Rei urged him to try the boomerang out. Blowing the wood shavings off, the major stood up and threw it with a practiced hand. It sailed into the clear, nearly cloudless afternoon sky, making a faint whirring sound as it cut through the air.

“It’s not coming back.” The boomerang traced a large circular path and then fell about fifteen meters away from them. “Was it because of the wind?”

“This doesn’t even count as a wind,” said the major as he went to retrieve the boomerang. “I made one that always came back, no matter the wind conditions or how badly it flew.”

He sat back down and took his knife to the wood again while Rei sprawled out at his side, looking up at the sky.

“Did it break?”

“What?”

“That perfect boomerang. The one you said you made.”

“I broke it. Actually, I didn’t make it to begin with. A computer did. I fed it the requirements and it executed thousands of simulations in a virtual airspace before spitting out the wing shape data. Then I input the data into a digitally controlled tooling machine and manufactured it. That was Unit 1.”

“I take it from your tone that it didn’t work.”

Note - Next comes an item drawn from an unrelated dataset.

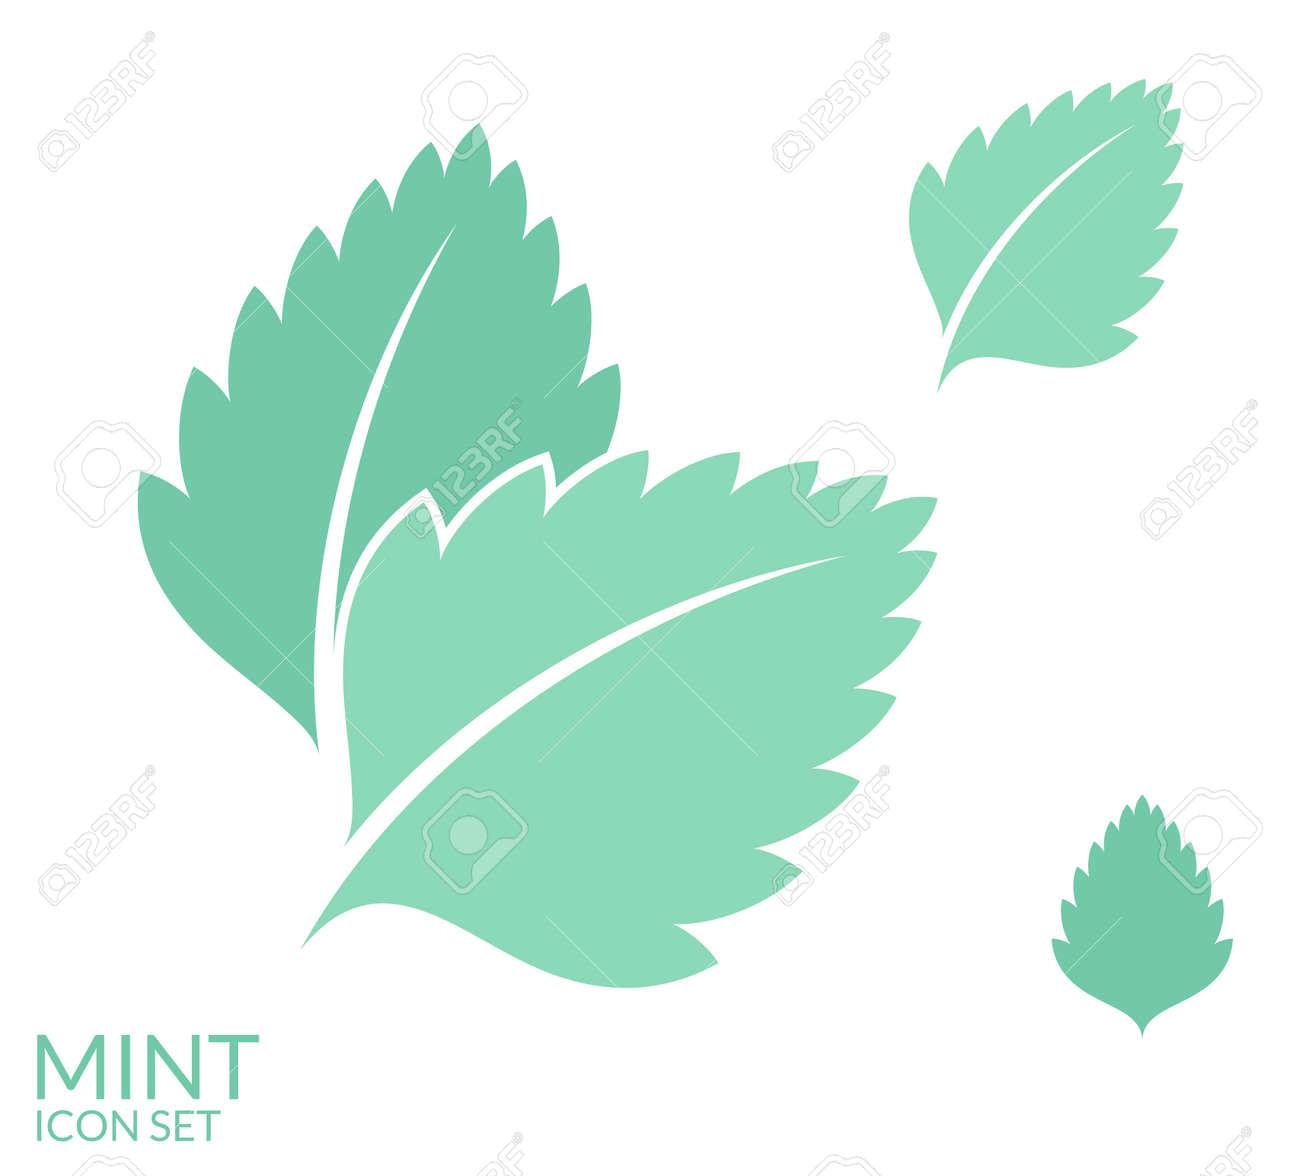 10 933 mint leaf stock illustrations cliparts and royalty free mint rh 123rf com leaf vector image leaf vector logo

“The virtual airspace in the computer wasn’t a close enough model to real airspace. Next, I got the idea of putting an accelerometer into the wing and then fed that data into the computer. It could do variable pitch and all sorts of things. The one I fitted with a leading edge flap control was the best. That was Unit 2.”

“And what about Unit 3?” asked Rei as he spit out a bitter stalk of grass he’d been chewing. “Was that one perfect?”

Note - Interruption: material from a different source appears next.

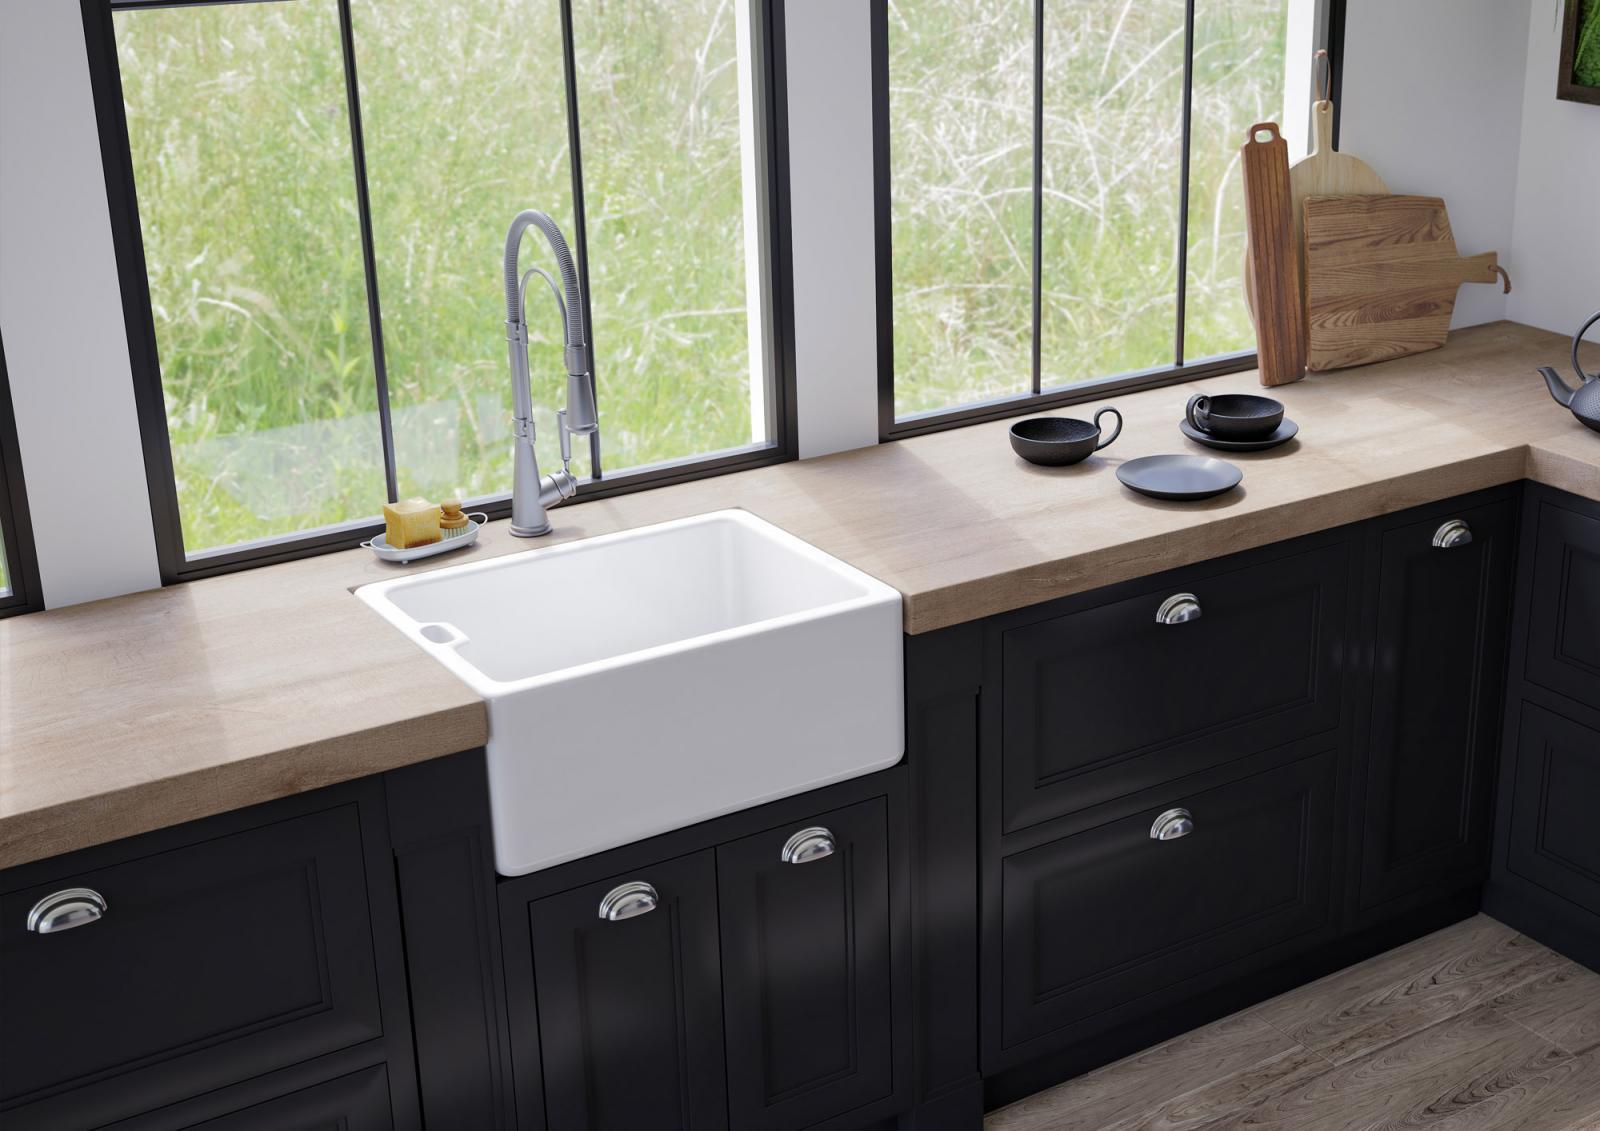 High-quality sink Clovis - single bowl, ceramic - ambience 1

The major stopped whittling and pointed his knife at the scar on his cheek. “This was the result. The wound that sent me to Faery. Ruined my good looks too.”

“I didn’t know that,” Rei said, raising himself up on his elbows and peering at the major’s cheek. “You got that scar from a boomerang?”

“It was fast. It pitched back at me from an angle I didn’t expect, and I couldn’t dodge it. Even though it had enough load resistance to give me a nasty clip, it still flew past me, made another turn, and came back again. I barely managed to catch it. I’d designed it to come back in a way that would make it easy to catch, but how it actually flew… It made that decision itself, based on the conditions at that moment. I never wanted to throw it again after that.”

“Did you put a rocket motor on it or something?”

“No. In the end, it was just a boomerang. But I’d installed a super-layered, single-chip artificial intelligence LSI into it. Since I could never get the feedback control to work, it was necessary to give it a control method to let it look ahead.”

“Predictive control, you mean?”

“Yeah. I threw the prototype boomerang again and again. Each time, the LSI would judge the conditions, master them, search for the causes of failure, and gradually learn to accurately predict them and respond instantly. Since the learning function was coded into the circuitry of the AI unit’s hardware, I didn’t even have to teach it the basic process. I just ordered it to use all the data from its sensors to adjust its flight path so that it would return to the launch point. That’s it. I flew it for six months and eventually lost the ability to predict how it would fly. Just when I was thinking that it was getting kind of dangerous, wham! I got three stitches from it. The doctor was clumsy and it hurt like hell. I thought about suing the wanker for malpractice, but he’s a doctor in the SAF. And since I’m technically his CO, I’d have to sue myself too.”

Booker re-sheathed the knife and stretched. He got up, brushed bits of grass off his fatigues, and threw the boomerang. It flew level and then climbed steeply from about twenty meters away, tracing a large arc.

“That’s the real thing,” the major said. “Machines are too stiff to fly naturally.” The wooden boomerang flew gracefully and landed lightly. “That’s why I can’t stand them.”

“Is that a warning, or are you being ironic?” Rei asked. He had a hard time taking that statement seriously from a man whose livelihood was building and operating advanced mechatronics.

“Take it however you want,” the major answered in his usual offhand manner. “My likes and dislikes have nothing to do with you.”